Thanks, much appreciated, guys!


----------



## Pansori (Apr 26, 2006)

Only now I managed to look through this excellent thread. My interest in architecture, skyscrapers and cities started when I was a kid by observing some photos of NYC in textbooks and encyclopedias (paper versions since there were no internets or even PC media back then). I well remember the Guggenheim museum, Flatiron and UN buildings from those times. Ironically when I actually got a chance to travel I somehow never made it to NYC despite having been to numerous other places around the world. Perhaps one day 

Also you didn't seem to visit Brownsville and the projects.
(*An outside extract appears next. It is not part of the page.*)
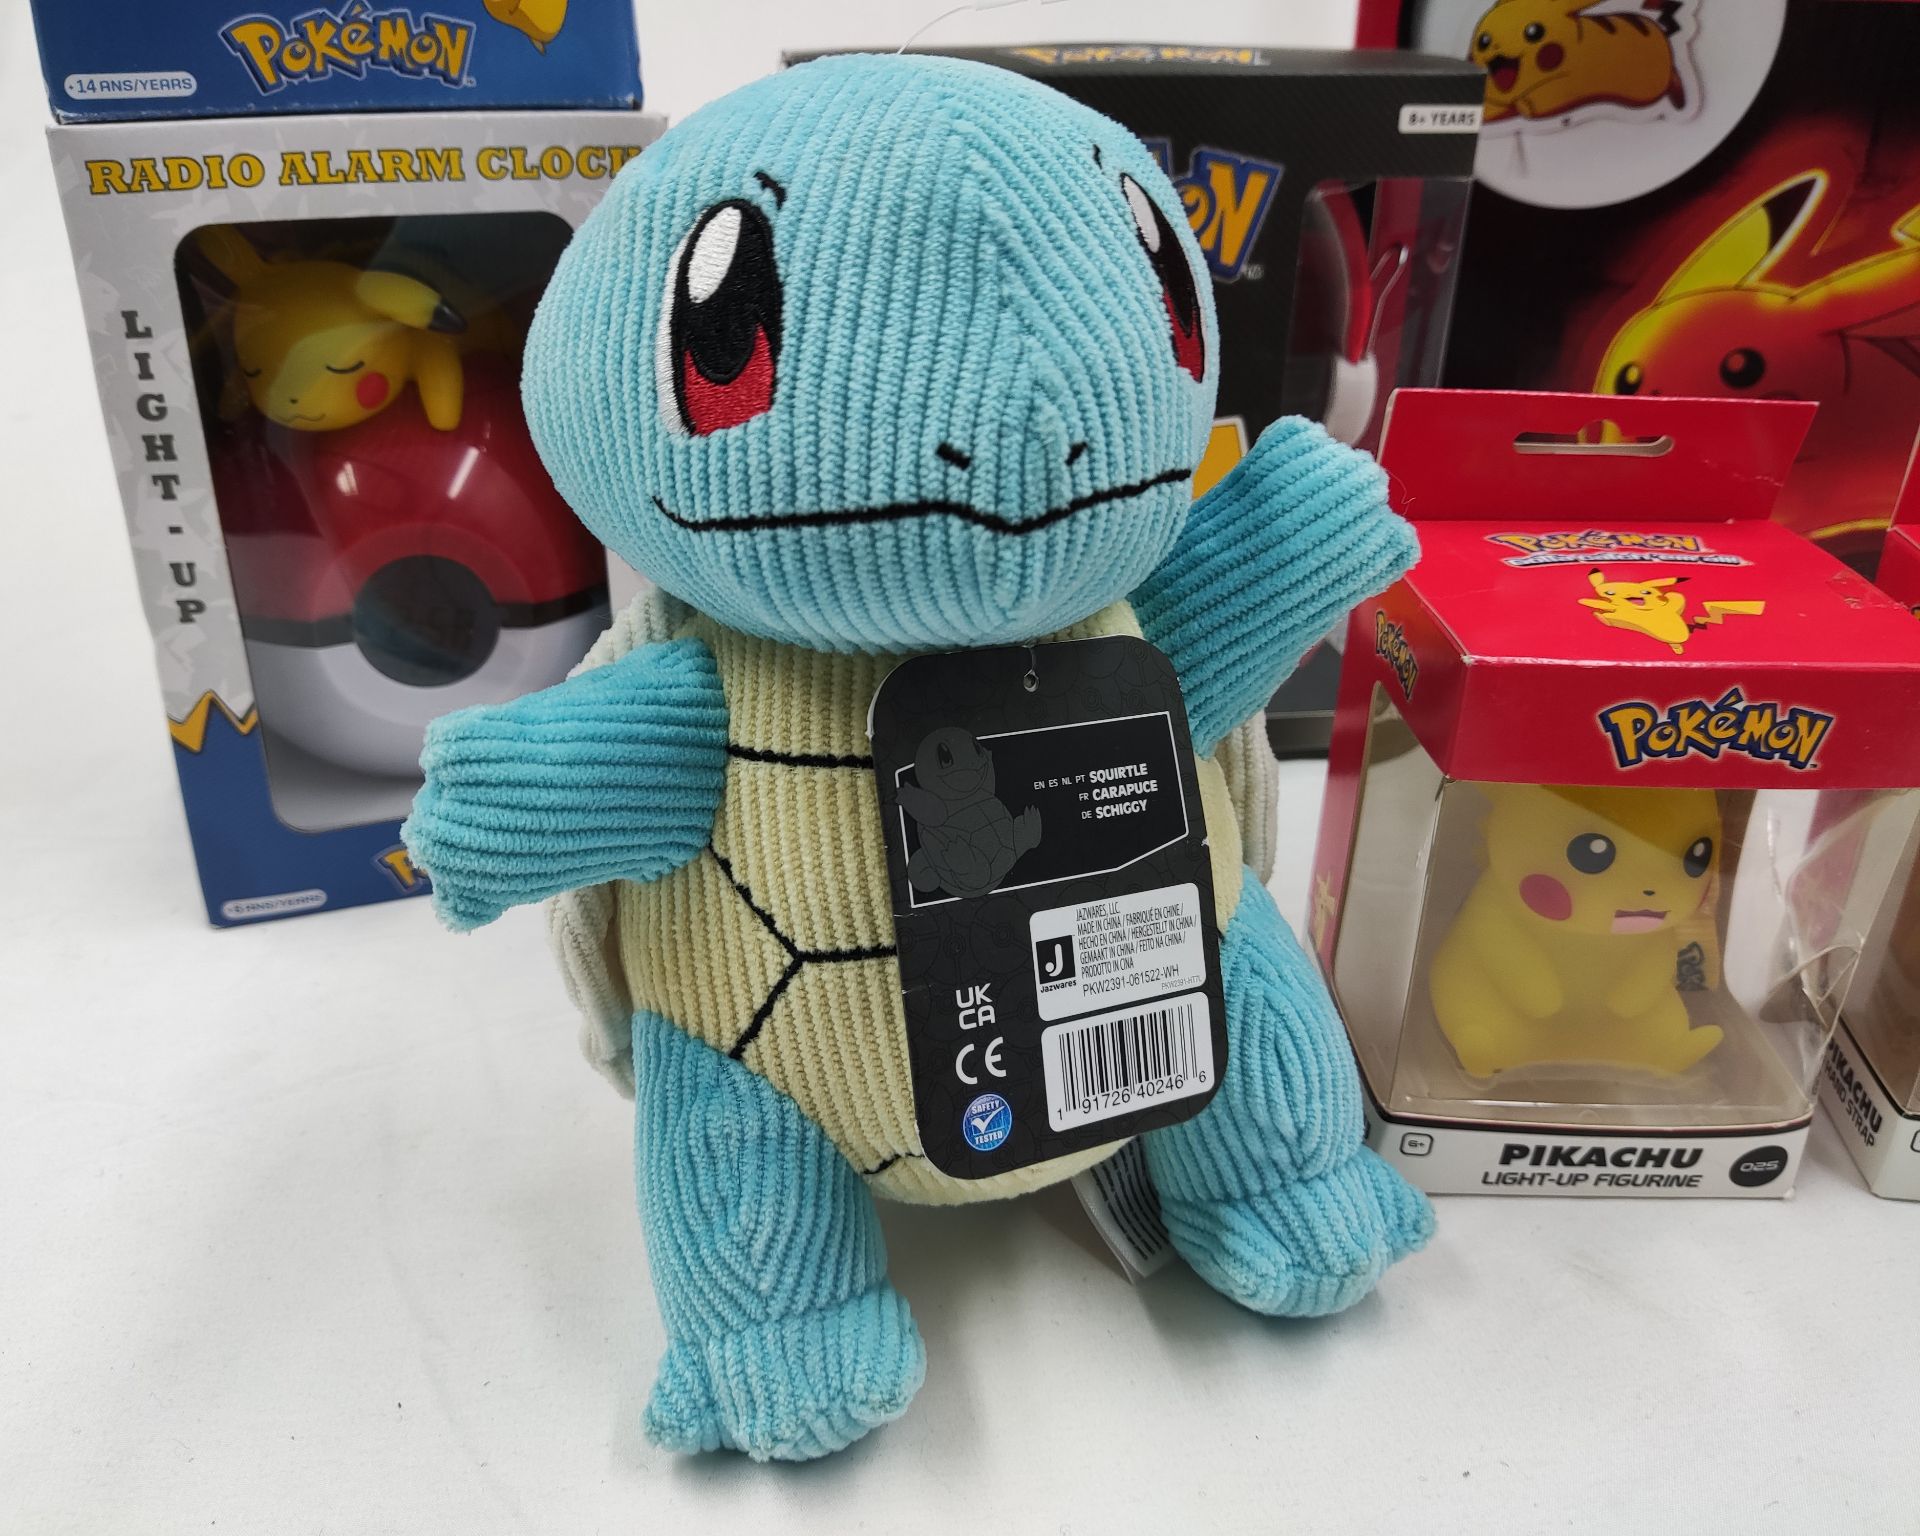 1 x POKEMON Assortment of Toys and Collectibles - Plush Squirtle, Pikachu Radio Alarm Clock and More - Image 3 of 17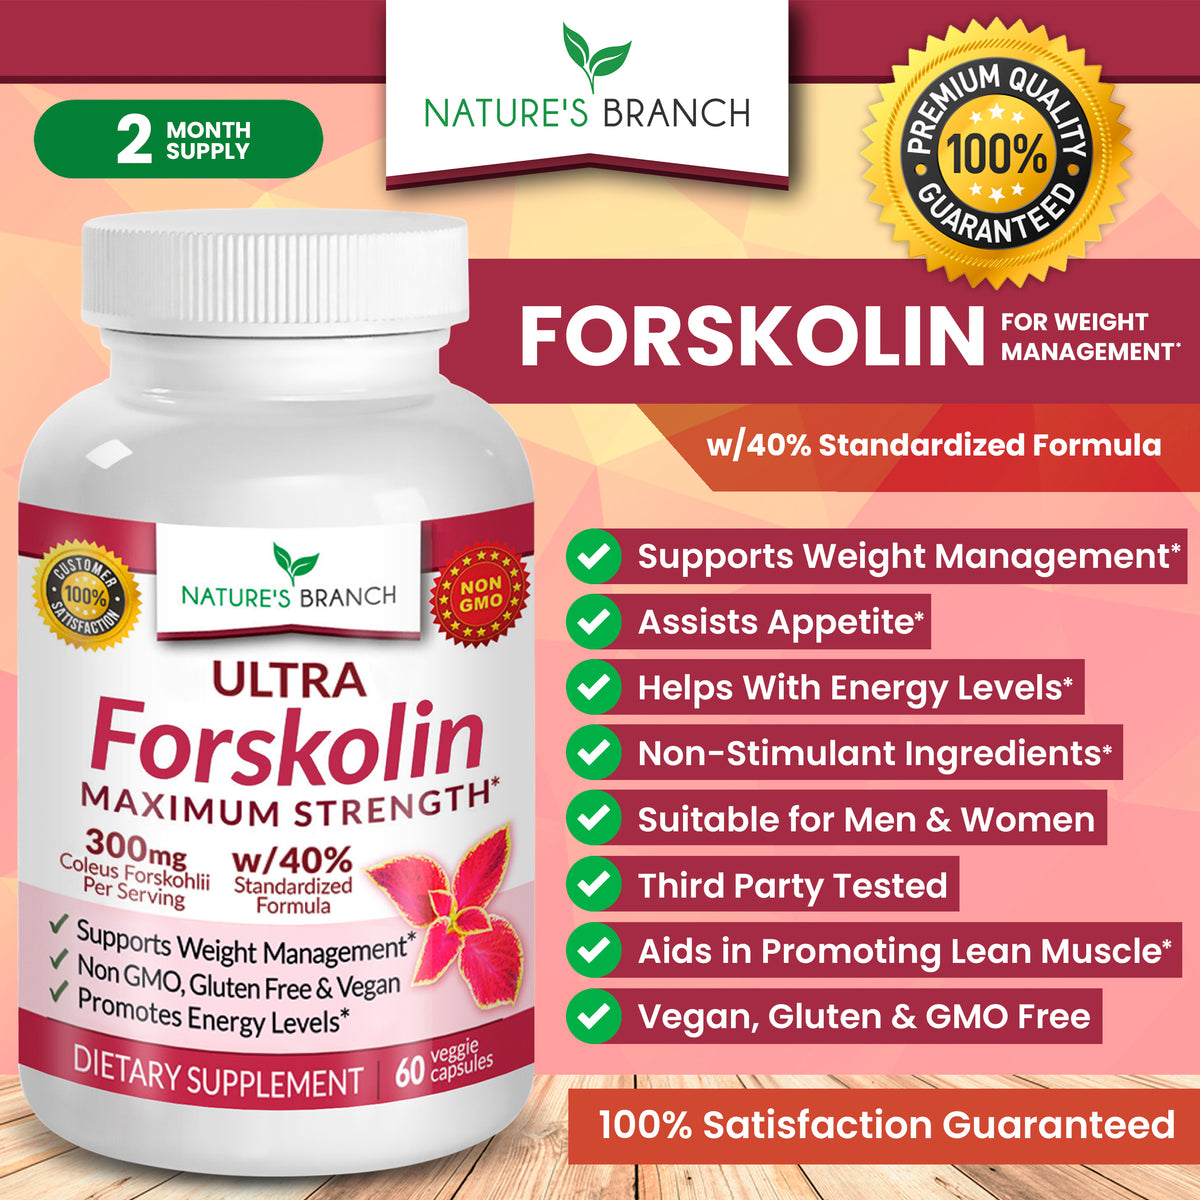 Nature&#39;s Branch forskoling bottle with bullet points showing the benefits

The Ville is known to be the rawest and the realest place in all of NYC.


----------



## yansa (Jun 16, 2011)

Somehow I seem to have missed parts of this thread.
Excellent work, El Greco! :applause:


----------



## meteoforumitalia (Oct 3, 2009)

I've just enjoyed the whole thread, it was not easy to impress with usual classic new york, but you managed to do it brilliantly. such technique, such neat photos, such interesting and unknown detailes, simply great


----------



## Bahromovies (Dec 26, 2016)

Morning Manhattan, New York


----------



## El_Greco (Apr 1, 2005)

Thanks guys!


----------